Birçoklarında olduğu gibi timüs bezine de özellikle stres (gerilim) çok doku­nur. Gerilimin her çeşidi iç organlarda öldürücü yıkıntılara sebep olur. Bunlar devamlı gürültü, korku, yorgunluk veya hastalık olabilir. Timüs bu gibi gerilimlerin kurbanları içinde en başta gelenidir. Eğer gerilim hayli şiddetli ise birkaç gün içinde büzülür, normal büyüklüğünün üçte birine düşer.
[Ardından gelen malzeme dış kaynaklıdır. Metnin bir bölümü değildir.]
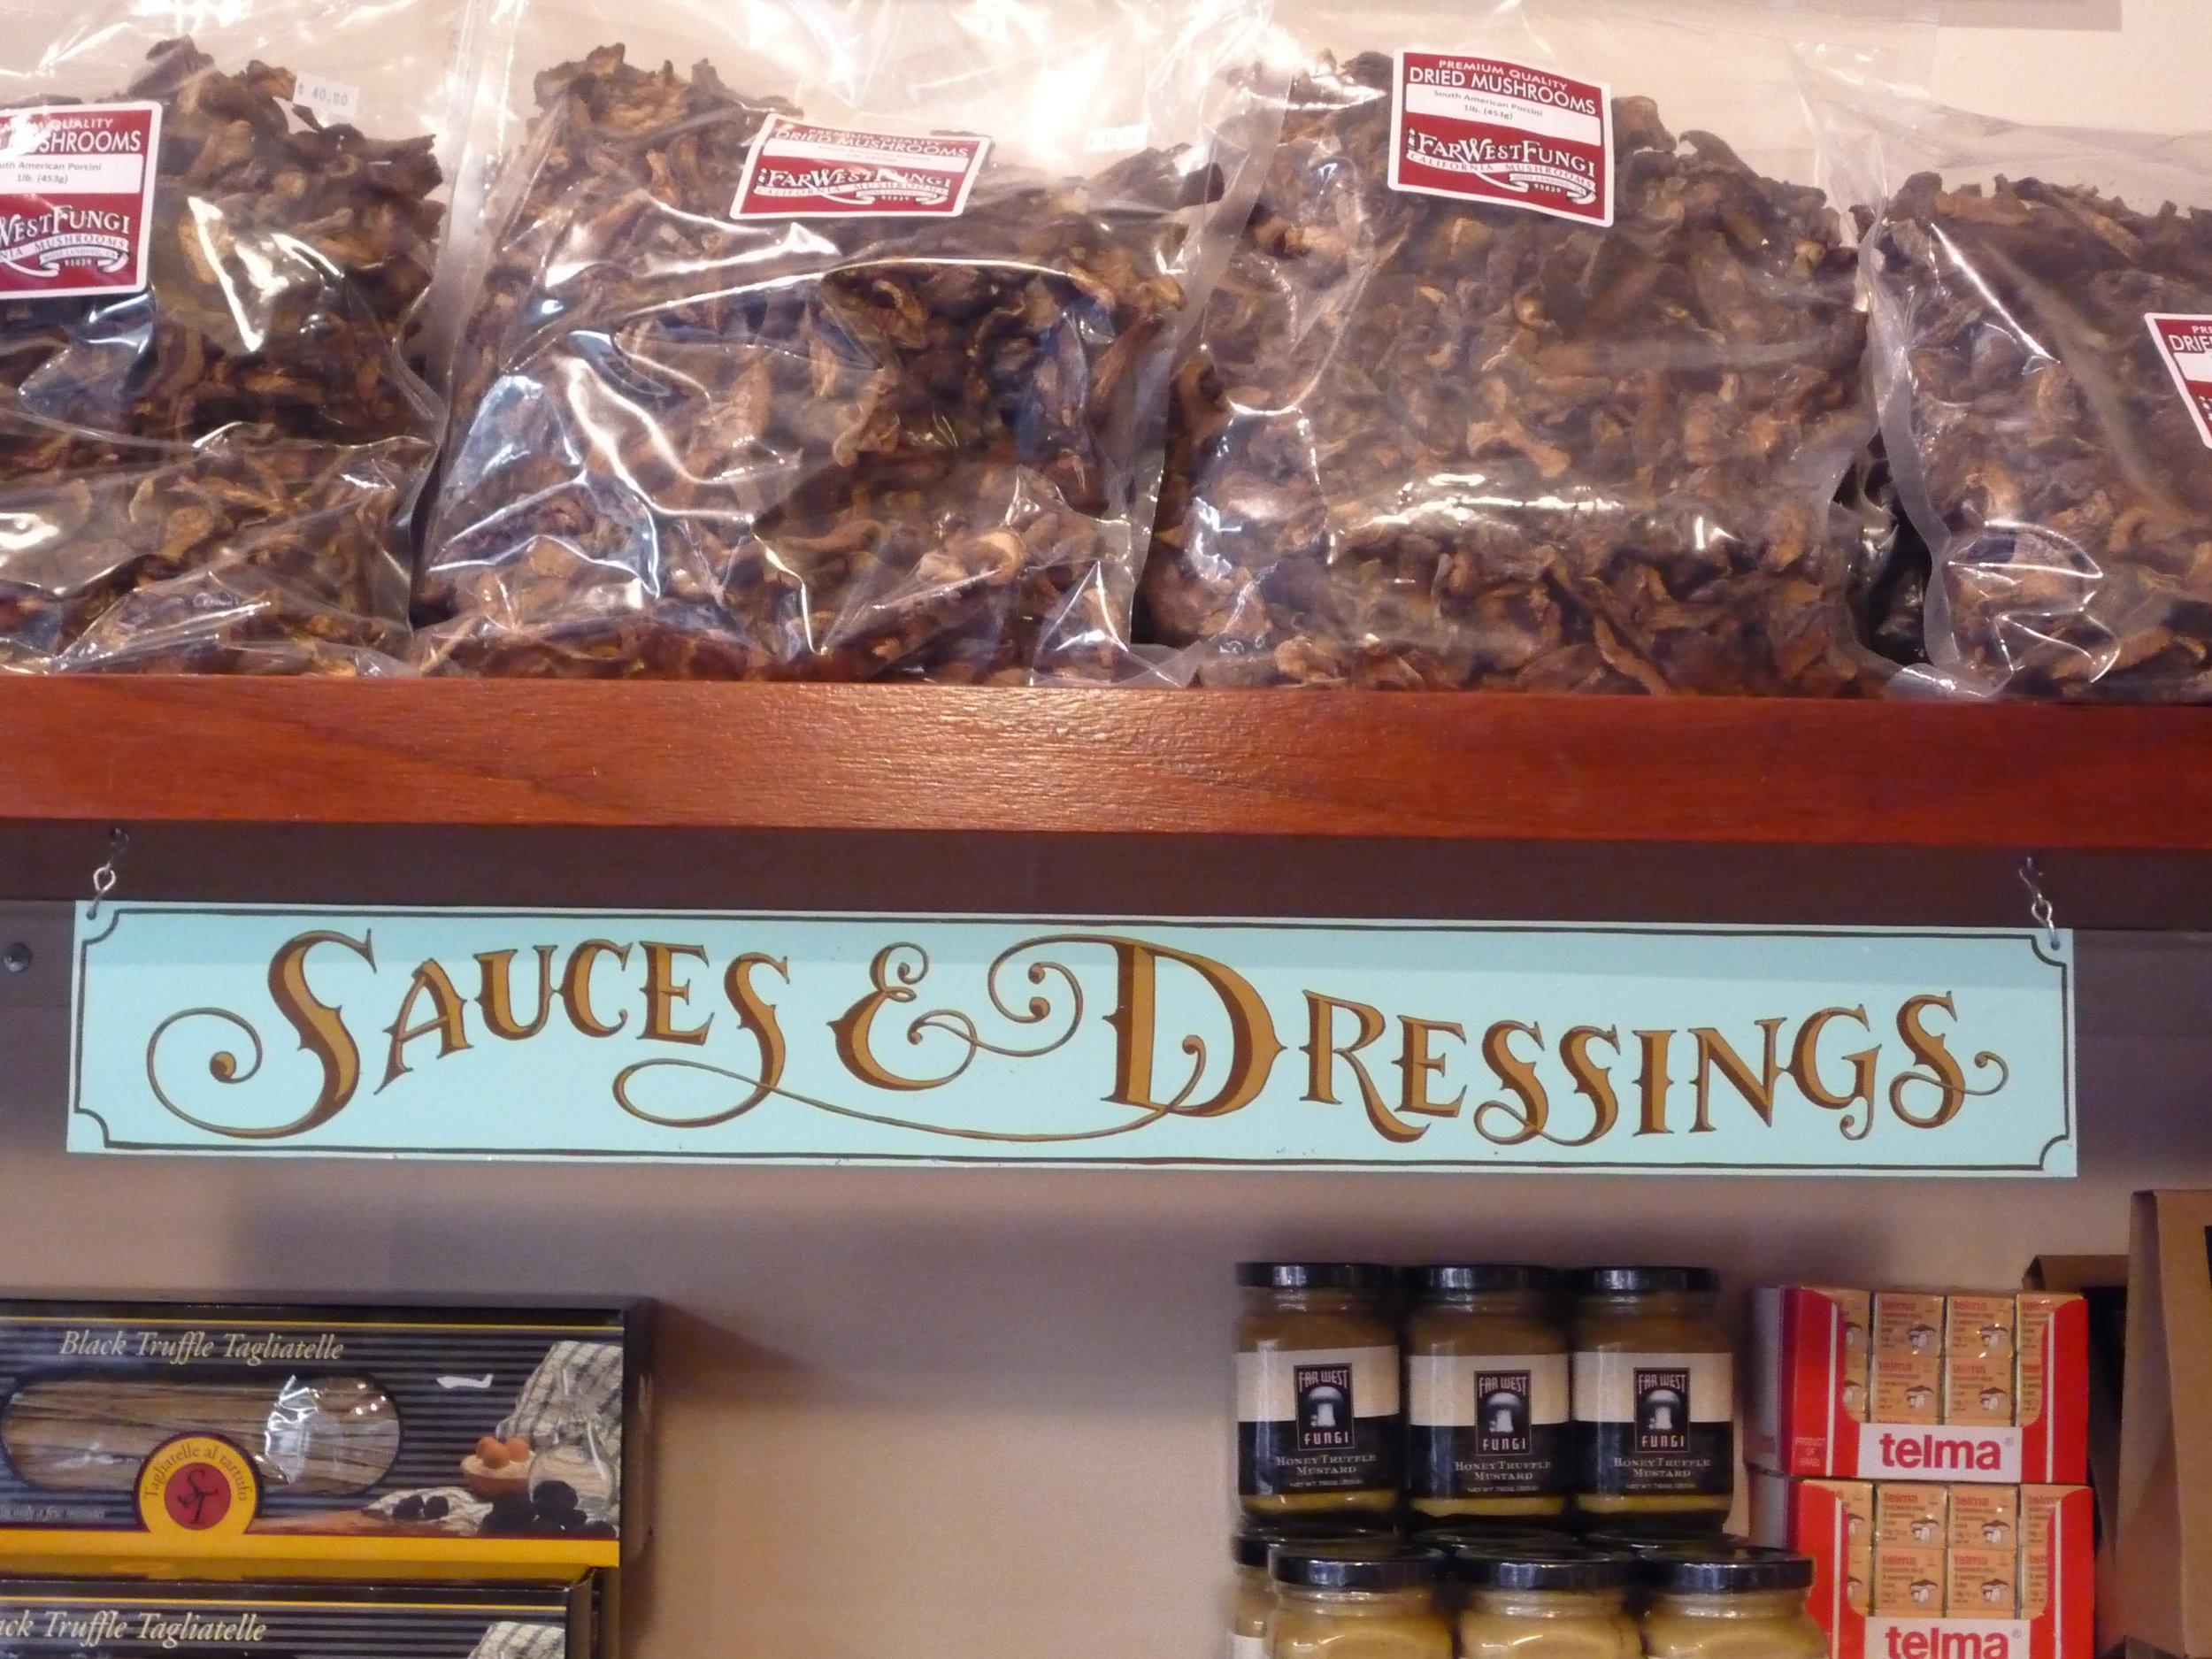 ORIG-far-west-fungi-sauces--dressings-shelf-sign_4322988973_o.jpg

Orta yaş üstünde vücut için eskisi kadar önemli değildir. Lenfosit üretimi kritik bir önem taşı­mamaktadır. Önceleri başka organlara dağıttığı lenfositler buralara yerleşmiş ve kök salmış olup ve tam üretim faali­yeti halindedirler. Bununla beraber eğer timüs bir tümör tarafından tahrip edilecek olursa vücut bir sürü musibetlerle kar­şılaşır. Mantarlar parmak tırnaklarını yemeye başlar. Ağızda acı veren mantar enfeksiyonları gelişir. Kaslar iltihaplanır ve zayıflar. Ve insanı canından bezdiren daha bir sürü dertler ve kötülükler ken­dini gösterir. Böylece de timüsün, yaşan­tının son devrelerindeki önemliliğimi gösteren hikâye uzar gider.

Timosin

Son zamanlarda keşfedilen bir timüs hormo­nu olan Timosin’in de rolü büyük önem taşır. Bunu kan dolaşımı­na bir kez boşaltmıştır. Bu tekmil bağı­şıklık sistemini harekete geçirerek, dalağın çalışmasını hızlandırmasını, lenfa­tik sistemin yetişir sayıda lenfosit üretmesini sağlar. Eğer insan kendi bağışıklık sistemini yere serecek dozda radyasyon alacak olursa, timüsün bu hormonu, ça­lışmalarını durdurmuş olan dalağı ve öteki organları uyararak onların yeniden üretime geçmelerini sağlar.

Hormonları hakkında garip bir şey de şudur; insan yaşlandıkça timüs de üretimi yavaşlatır ve 50 yaşına ulaştığı zaman çalışması tamamıyla durur.